Can you give your full recipe and method? It helps tons when we know what you did since everyone has their own recipes and methods.


----------



## Ella kent (Sep 2, 2018)

Yes, it was 1 cup (190 grams) of white melt and pour, 1 cup of bath whip and 1 tbsp of dish soap . That was a recipe i found on youtube, but im english so had to convert to english from american.


----------



## cmzaha (Sep 2, 2018)

Sorry I cannot help other than say it takes time and experimenting to come up with the perfect whip. Sometimes you even have to change m&p bases, since they do not all work the same. I know it took 6-12 months for my daughter to perfect a topping  that would not squish, melt or fall off during shipping. She found unscented castile LS worked the best. You can try adding in some starches. I cannot say what she used. Just turn to the baking industry to find thickeners/hardeners. Wish I could help more, but since she may someday write an E book of recipes or get back to her m&p I cannot divulge the ingredient that made a big difference. Patience is what it takes


----------



## lsg (Sep 2, 2018)

I notice that the recipe at Wholesale Supplies Plus uses palm kernel oil in their recipe.  That should help the whipped icing to harden.  Here is a link to the recipe.
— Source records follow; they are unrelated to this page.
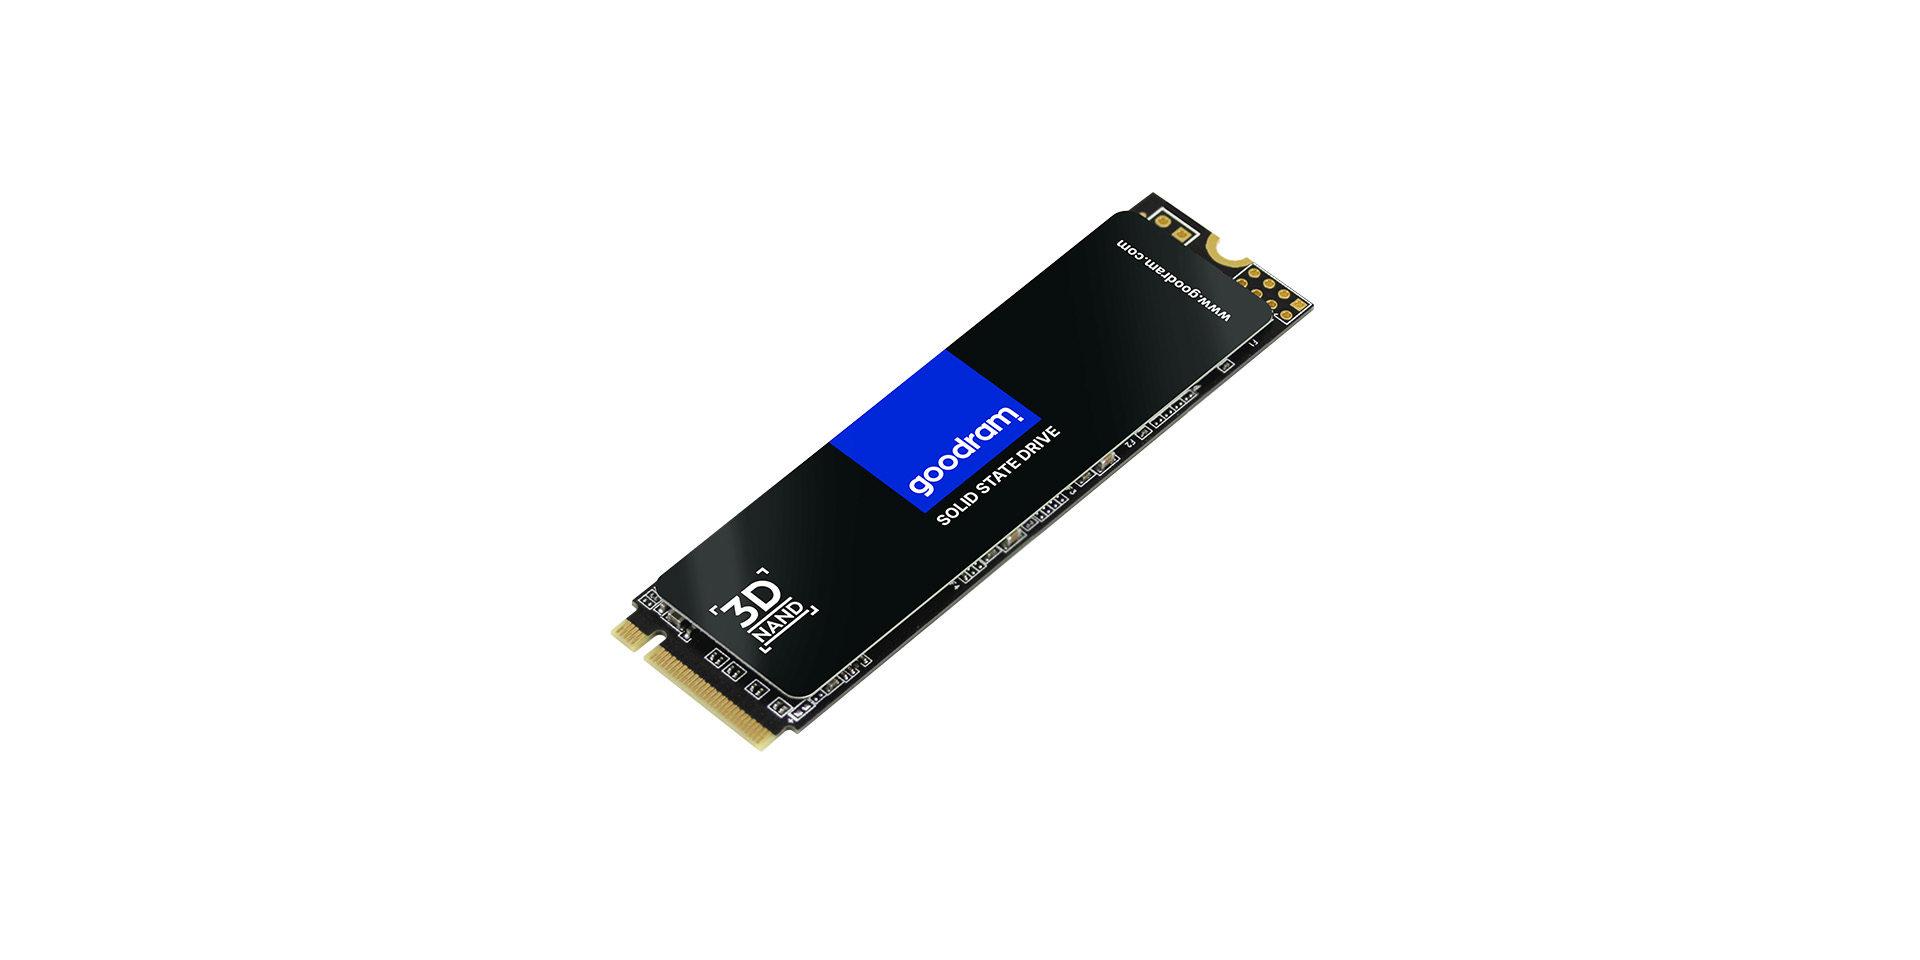 Goodram PX500 SSD, PCIe 3x4, 256 GB, M.2 2280, NVMe, RETAIL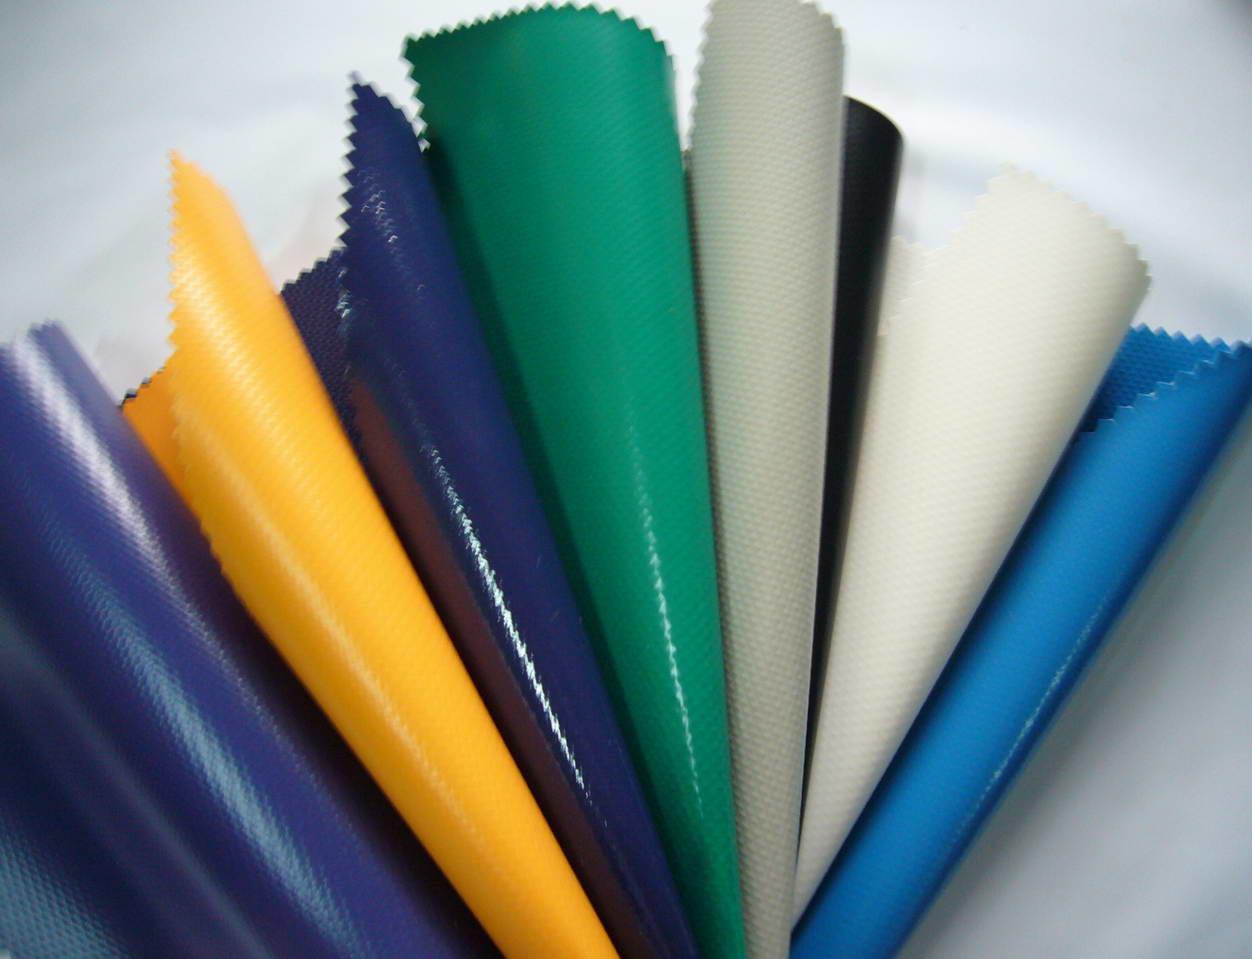 common synthetic plastics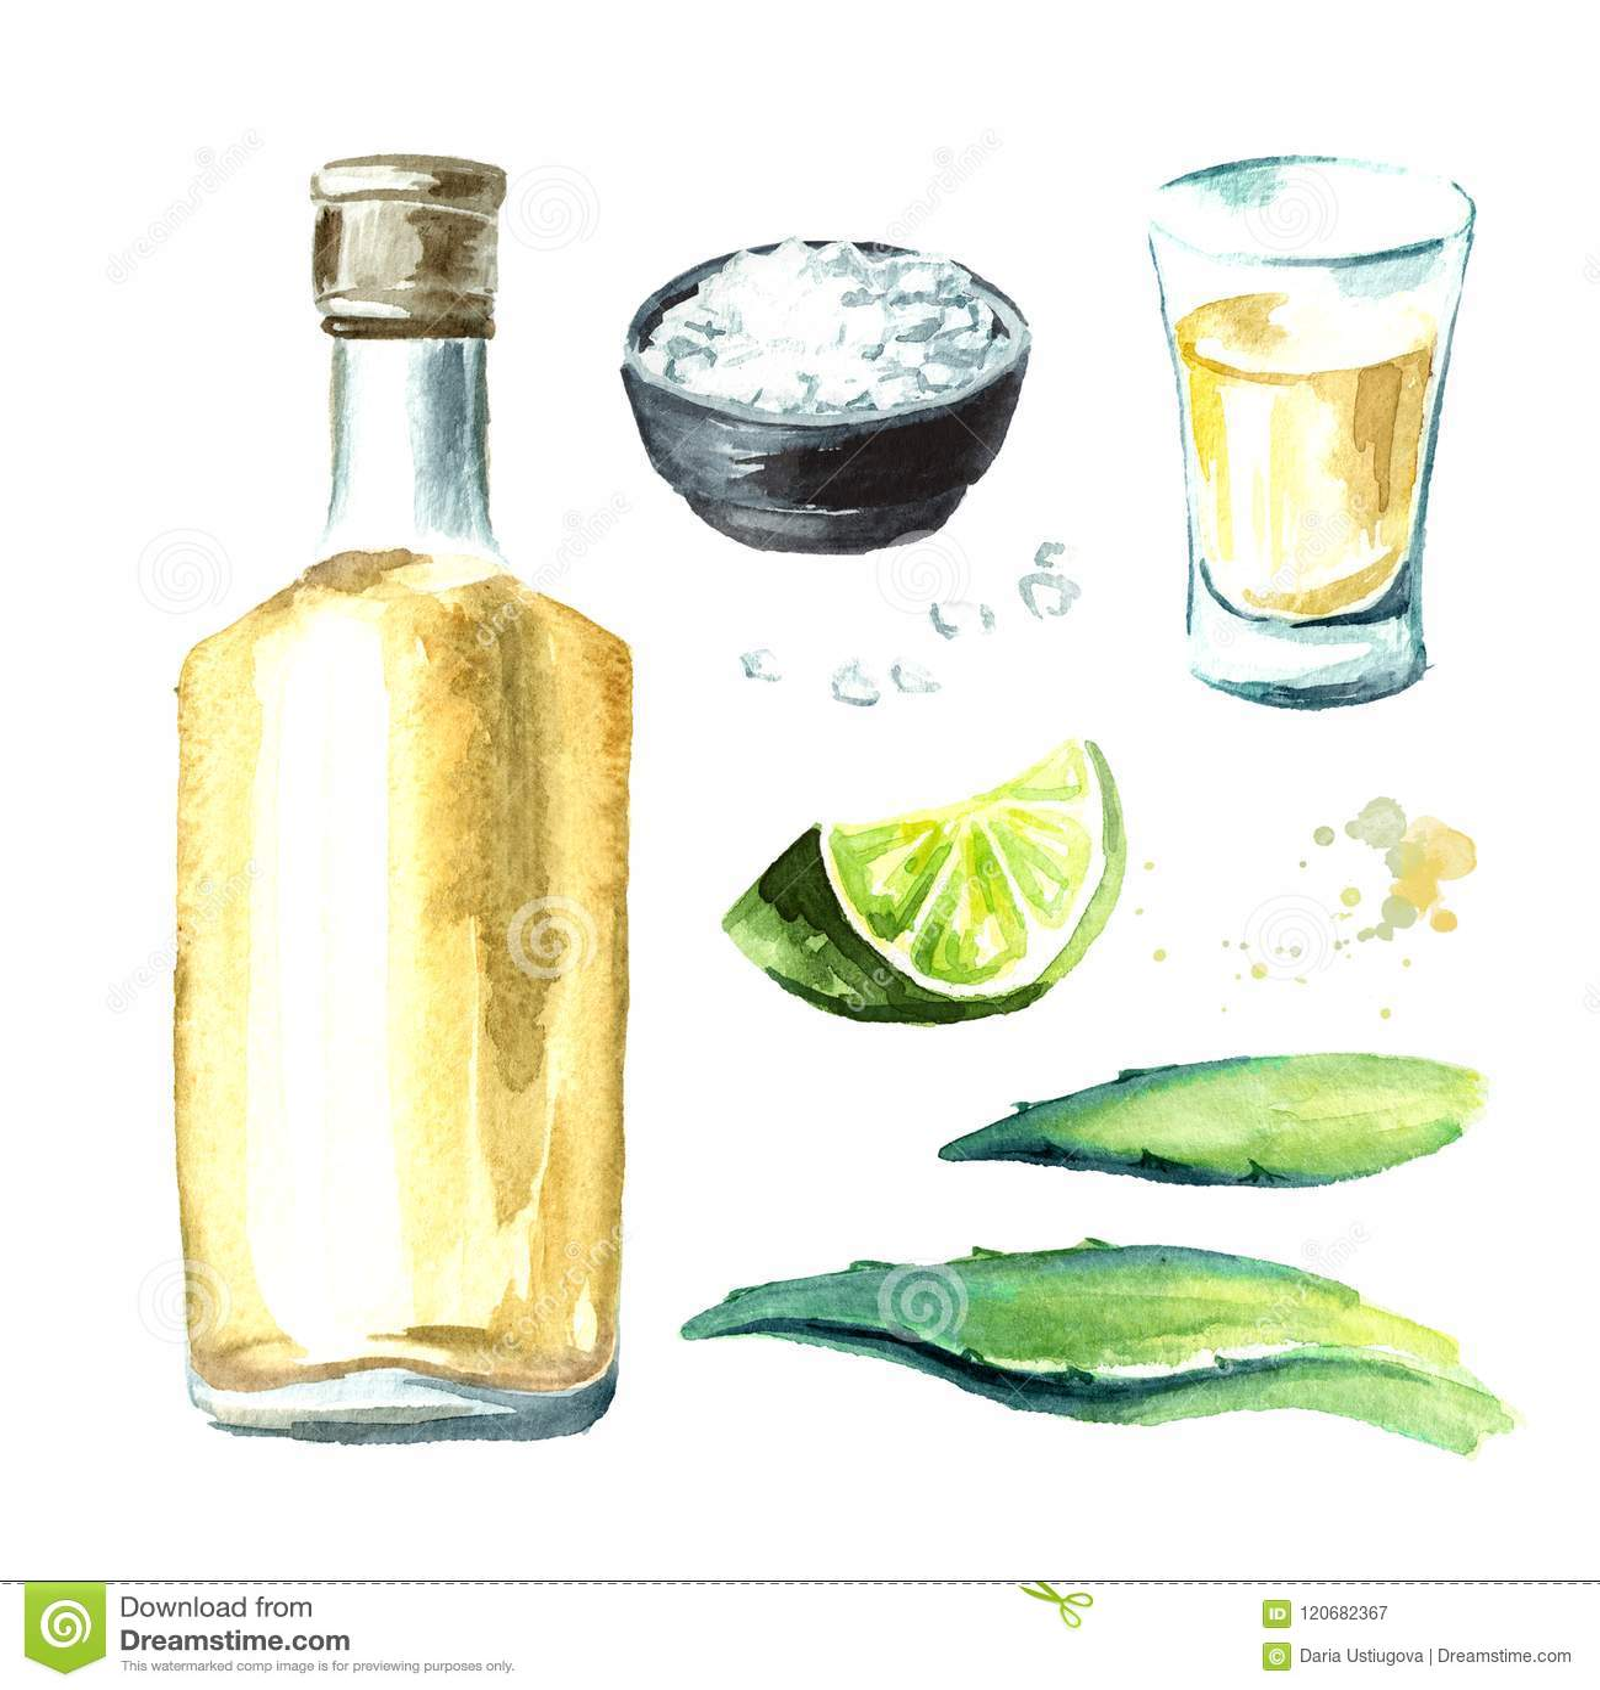 Alkoholgetränk Tequilasatz, gelbe Flasche mexikanische Kaktusschnäpse, volles Schnapsglas mit Scheibe des Kalkes und Salz, Agaven

http://www.wholesalesuppliesplus.co...e-recipes/debbie-mays-best-soap-frosting.aspx


----------



## Ella kent (Sep 2, 2018)

Thank you guys, much appreciated ❤


----------



## Rattanjeet (Feb 23, 2022)

Ella kent said:


> Hello, my name is Ella. I'm new to this forum.
> I am a beginner soap maker, i do cold and hot process soap, if anyone can help me i have a query about melt and pour frosting whip, i made mine last night with white m&p, clear scent free dish soap and bath whip, I've woke up this morning to check on it and its still squigy, it hasnt hardened. Is someone out there that can help!!
> 
> Thank you


Hi Ella, could you get your frosting harden?


----------



## Rattanjeet (Feb 23, 2022)

Rattanjeet said:


> Hi Ella, could you get your frosting harden?


I tried making a MP frosting using the meringue powder. It's been 2 days since I made the frosting , and it is still the same. Or may be silghtly harder than before. However I don't think if it is ready to be used. The movement it will go into the water, I am sure it will will melt away.


----------